Dir: Catherine Breillat France 2004. 77mins.
Forthright French director Catherine Breillat made her international breakthrough in 1999 with Romance, the centrepiece of a retrospective at the Rotterdam Film Festival. Breillat has returned to Rotterdam to premiere her tenth film Anatomy Of Hell, which takes Romance's sexual explorations even further, into territory where some audiences may be nervous to follow. Anatomy again features Euro-porn idol Rocco Siffredi, this time opposite up-and-coming French star Amira Casar, whose reputation should get a considerable boost as a result.

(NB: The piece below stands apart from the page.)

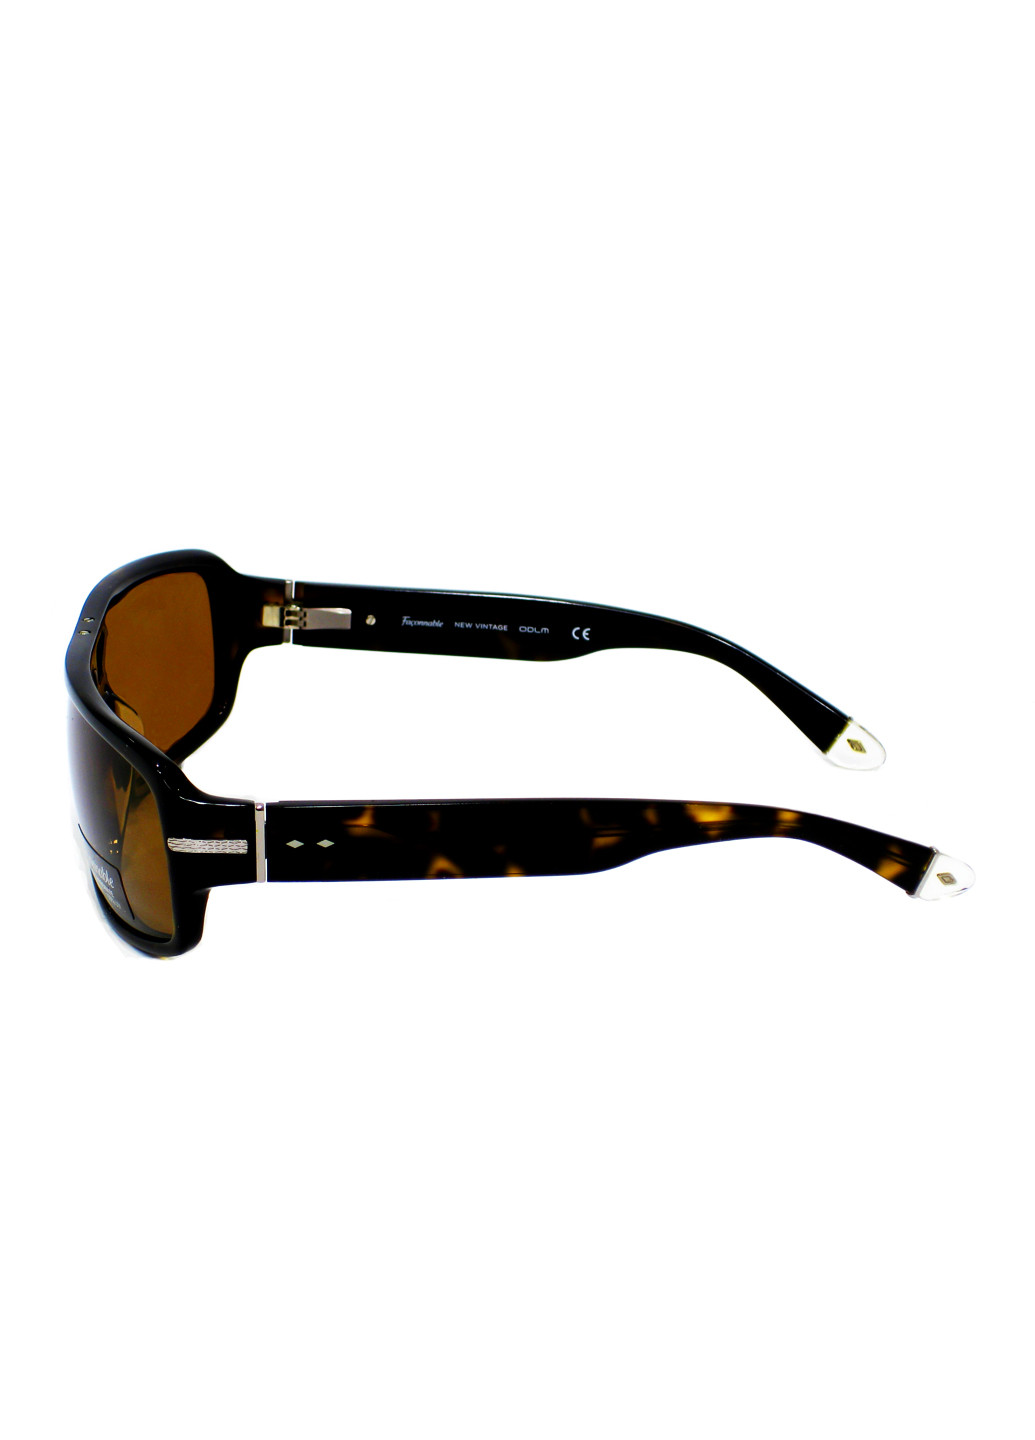 Cолнцезащитные очки Faconnable fv2960s 200p (205991969)

The film will consolidate Breillat's reputation for cerebral audacity, and should perform well in France. It will be a must on the festival circuit, and will tempt adventurous international buyers, although some may balk at potential censorship problems - not only because of the extreme explicitness, but also for brief but troubling scenes involving a baby bird and young children. Although Siffredi's cult status cannot harm the film's fortunes, Rocco-philes expecting a typical romp will find Anatomy not merely a turn-off, but outright alarming. Anatomy Of Hell flouts taboos more confrontationally than any mainstream sex drama to date.
Casar plays an unnamed woman whose suicide attempt in a gay nightclub is interrupted when a man (Siffredi) walks in. Troubled by men's horror of women's bodies, the woman pays him to join her in a course of investigation into male-female relations. It is unclear at first which of the two stands to learn more, but the woman proves to be in control of the situation, sexually and pedagogically. The film is divided into four nightly sessions at the woman's clifftop house, where the couple philosophise and perform outre acts involving such items as a stone dildo, a tampon and (in the only scene that risks raising titters) a garden rake.
The premise is that men find women's bodies obscene, not least because of a terror of menstrual blood. As expounded by Casar, the argument rehearses some traditional feminist positions, though they have rarely been stated so graphically. Based on Breillat's novel Pornocratie, the film is quintessentially French in that its language used is both analytical and somewhat florid: a reference to 'the horror of Nothingness that is the imprescriptible All' is typical.
If one takes Anatomy as part of a tradition of French discourse on sexuality, involving pain as much as pleasure, then there is no denying its seriousness of intent. Stylistically, it is striking for its rigorous control, both in the claustrophobic restriction of most of the action to a single set, and in the coolly severe performances.
Siffredi impresses with a sympathetic, melancholy presence and ability to look as if he's thinking deep thoughts even while sporting an erection. Casar gives a powerful performance of the less-is-more variety, exposed sometimes brutally to the camera's gaze but exerting a commanding presence, not least when posed to echo a Goya nude. Although she spends most of the film naked, an opening caption stresses that a body double was used, presumably for the anatomical close-ups - a caveat that Breillat uses to provoke us into thinking critically about the nature of screen sexuality.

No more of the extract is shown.